#### Supplied data
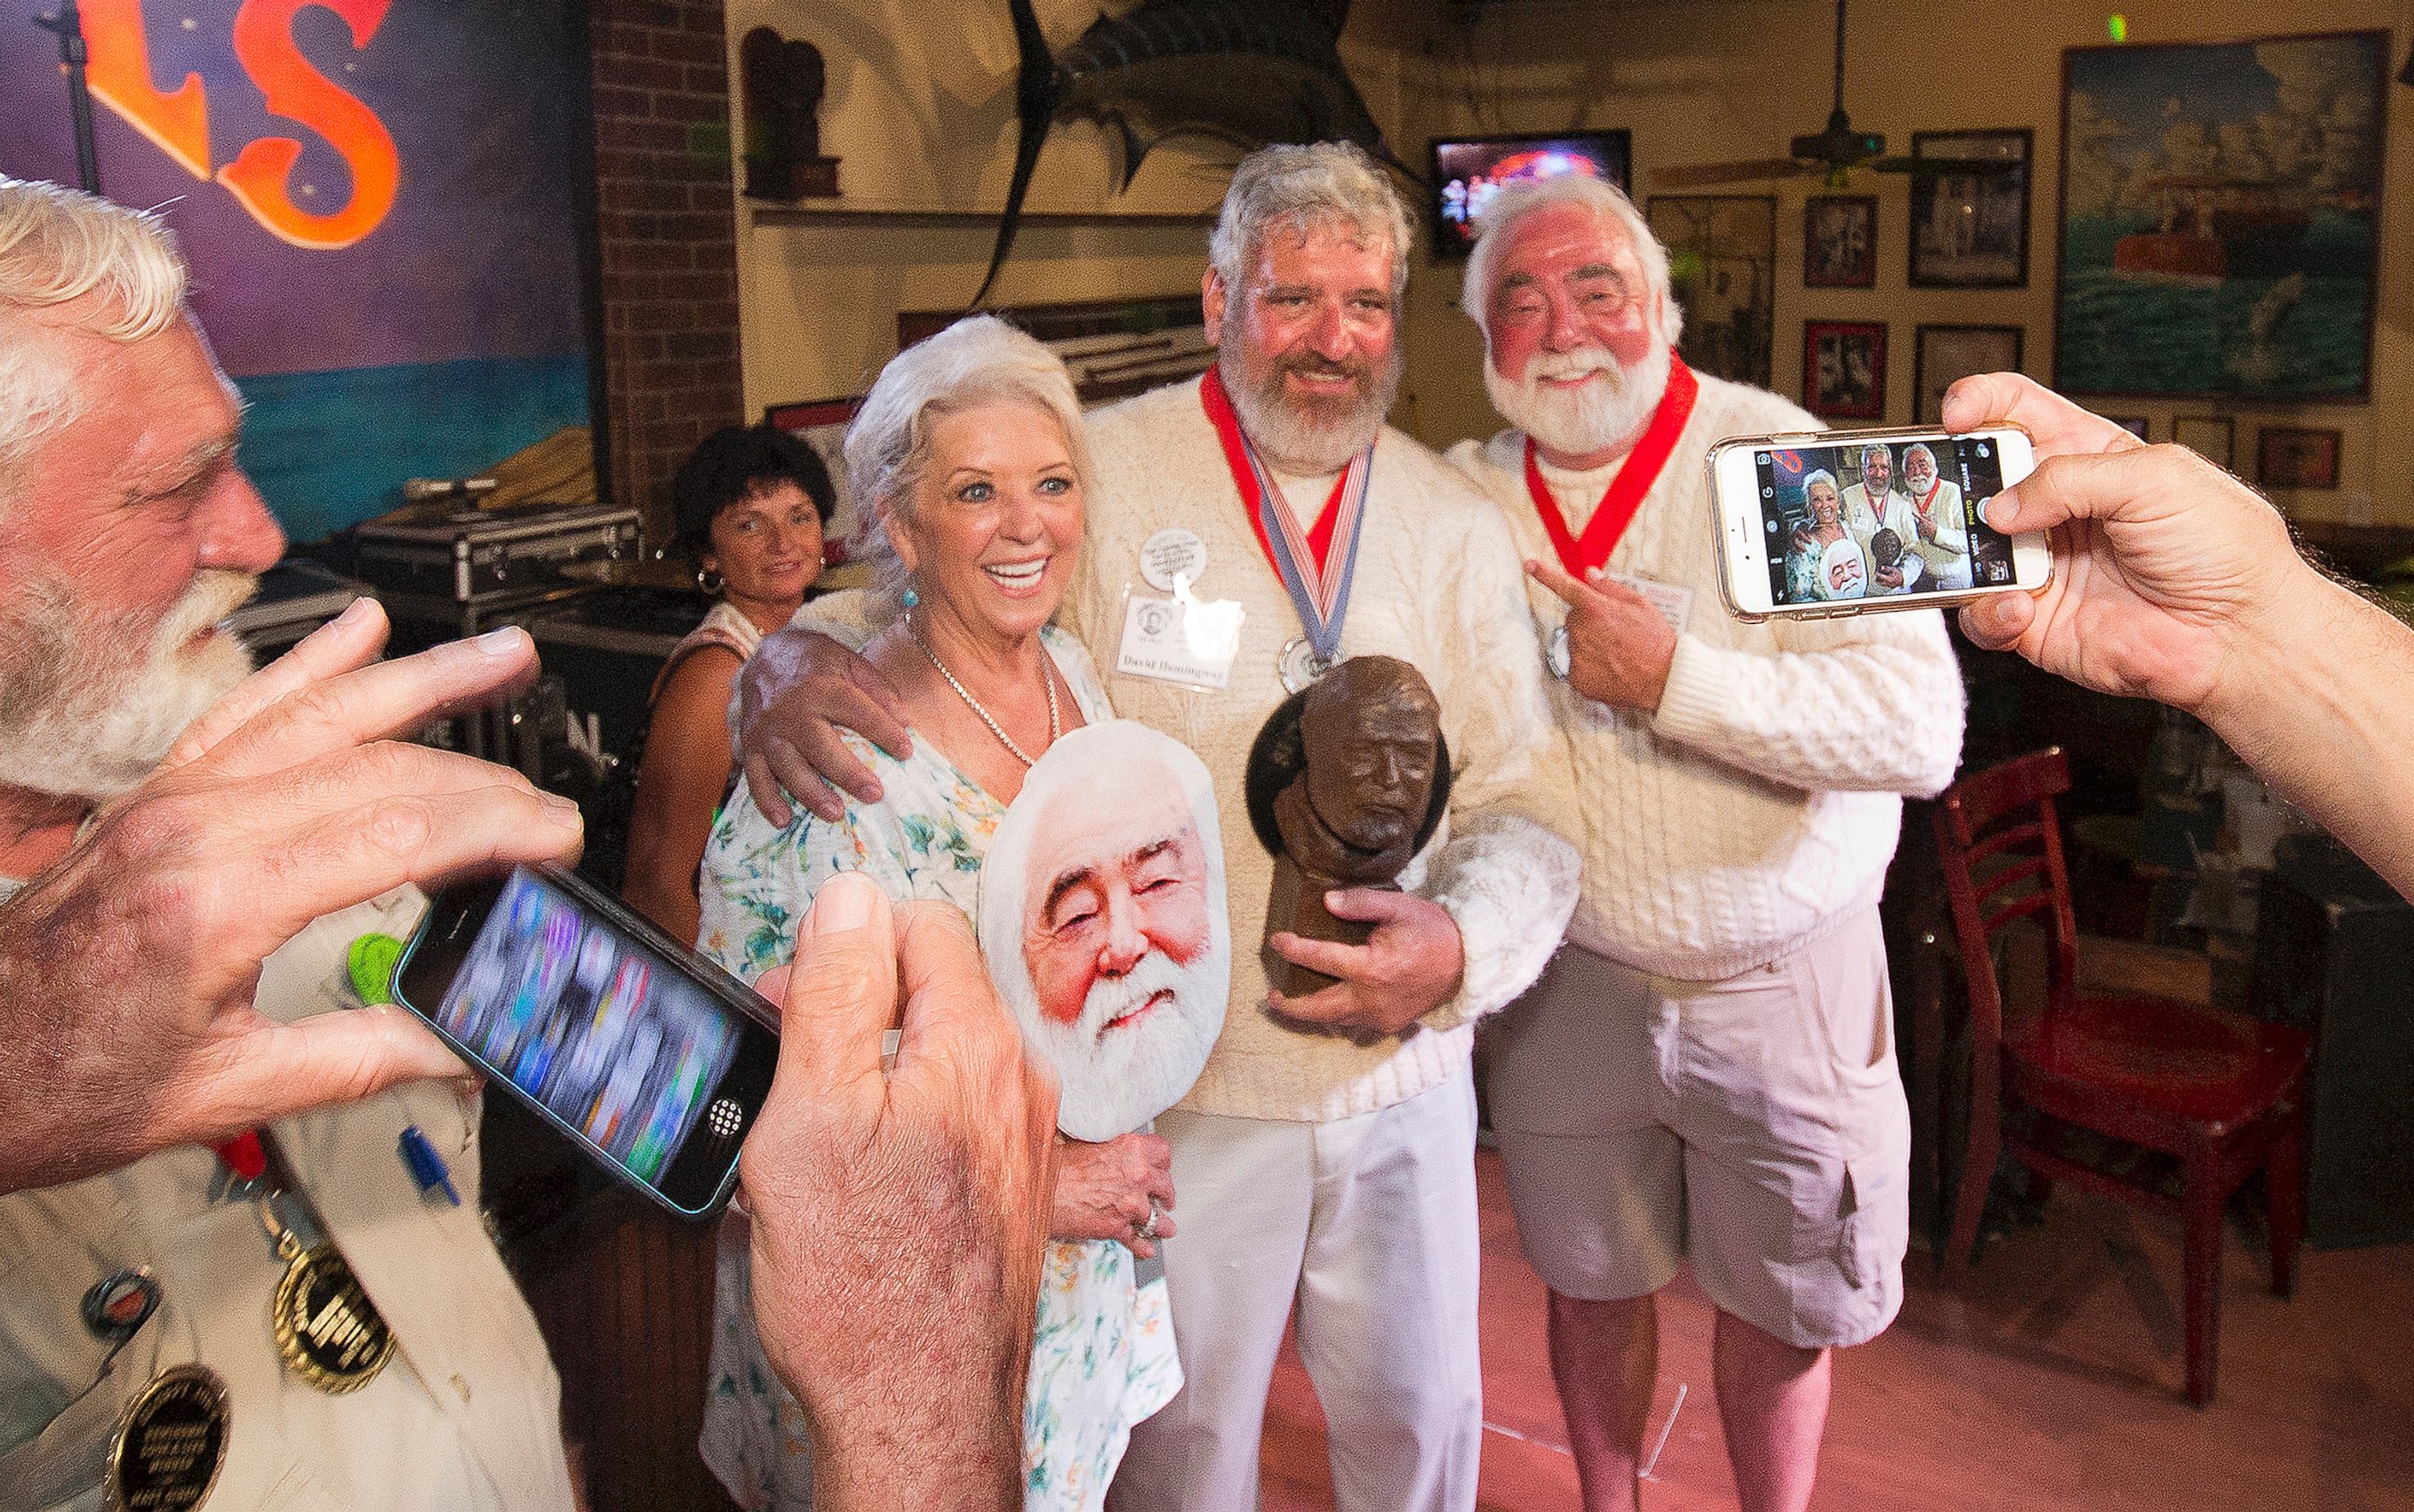 PHOTO: Dave Hemingway, poses for smartphone photos with celebrity chef Paula Deen and her husband Michael Groover, after Dave Hemingway won the 2016 Ernest "Papa"  Hemingway Look-Alike Contest at Sloppy Joe's Bar in Key West, Florida, July 23, 2016. 
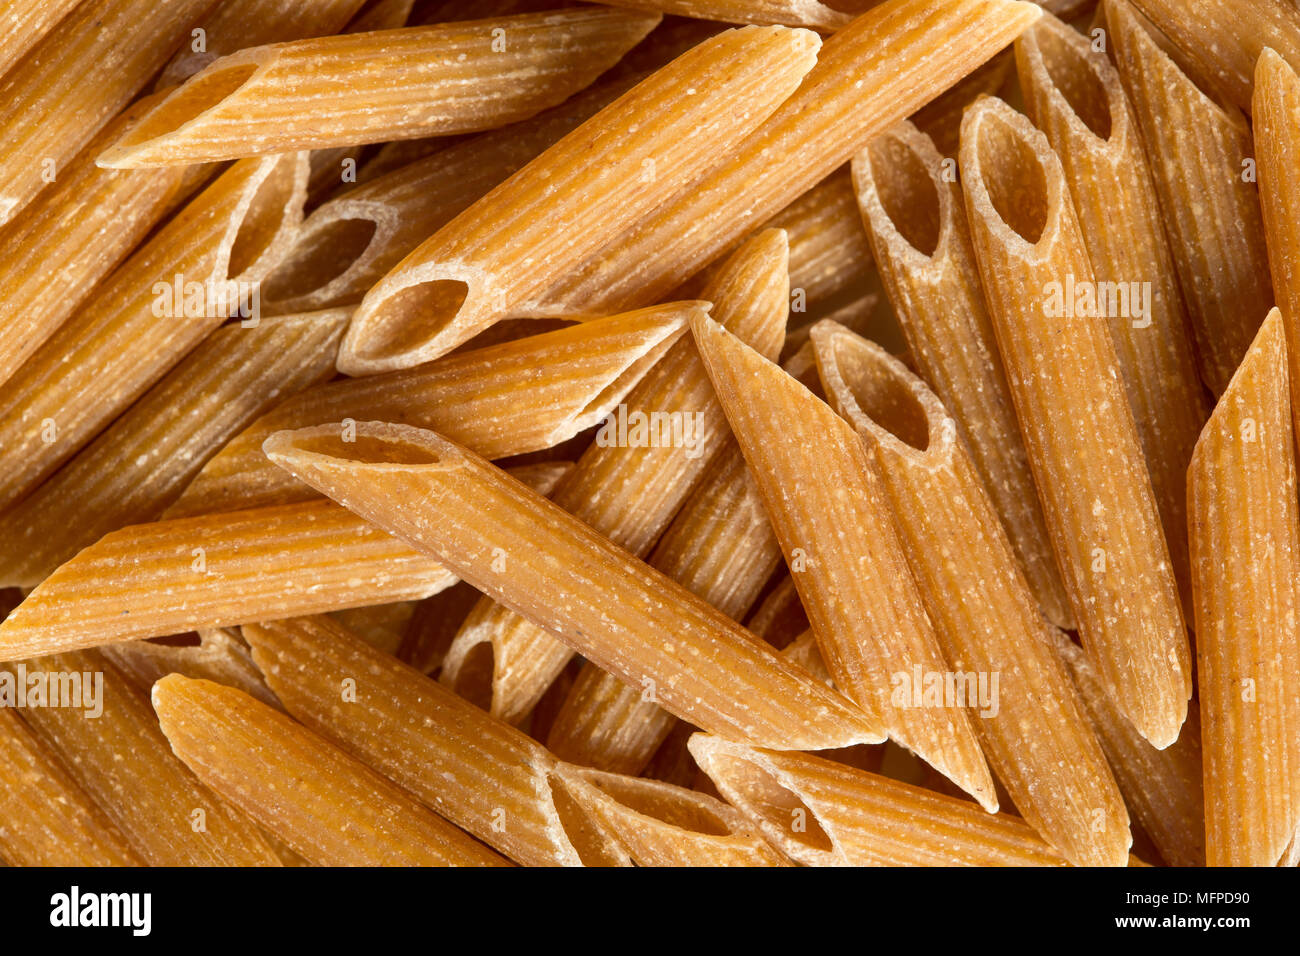 Close up of uncooked whole wheat penne pasta. Food background image. Stock Photo
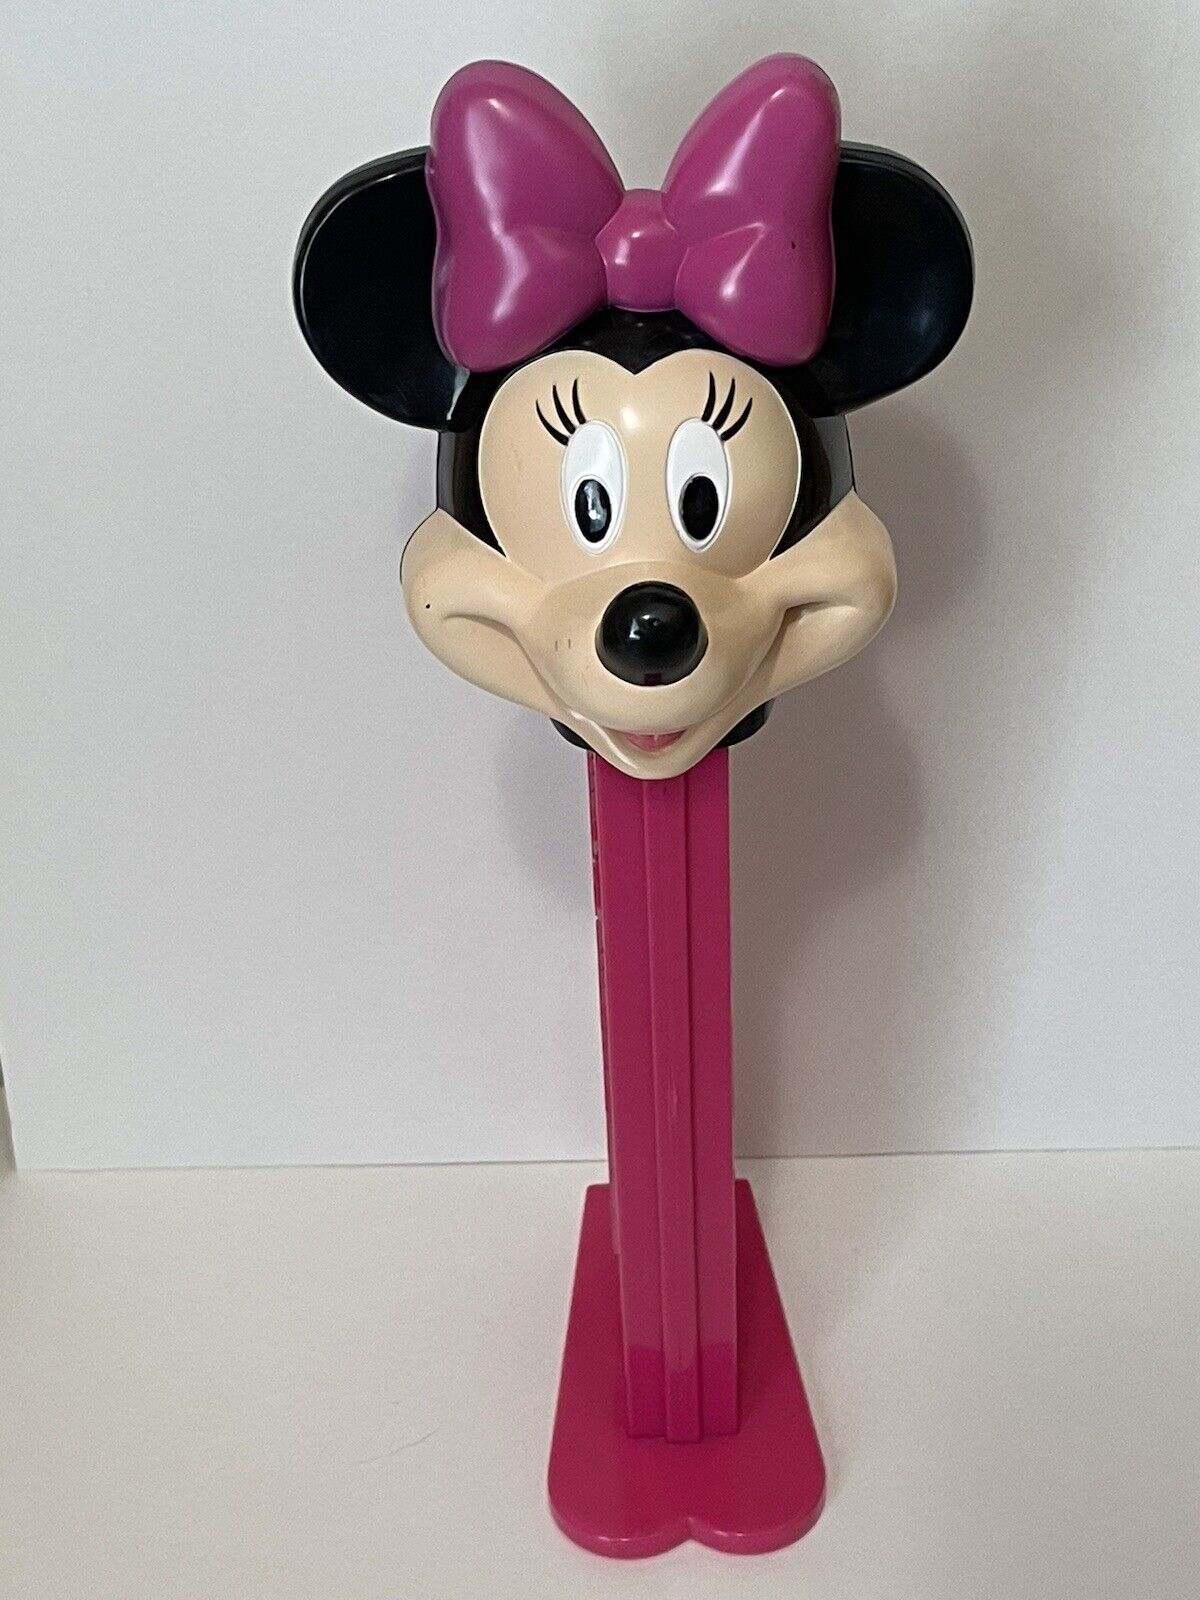 Giant PEZ Minnie Mouse Candy Dispensers

#### Task to complete
Set down every line above exactly, pictures excluded.

#### Response area
 PHOTO: Dave Hemingway, poses for smartphone photos with celebrity chef Paula Deen and her husband Michael Groover, after Dave Hemingway won the 2016 Ernest "Papa"  Hemingway Look-Alike Contest at Sloppy Joe's Bar in Key West, Florida, July 23, 2016. 
 Close up of uncooked whole wheat penne pasta. Food background image. Stock Photo
 Giant PEZ Minnie Mouse Candy Dispensers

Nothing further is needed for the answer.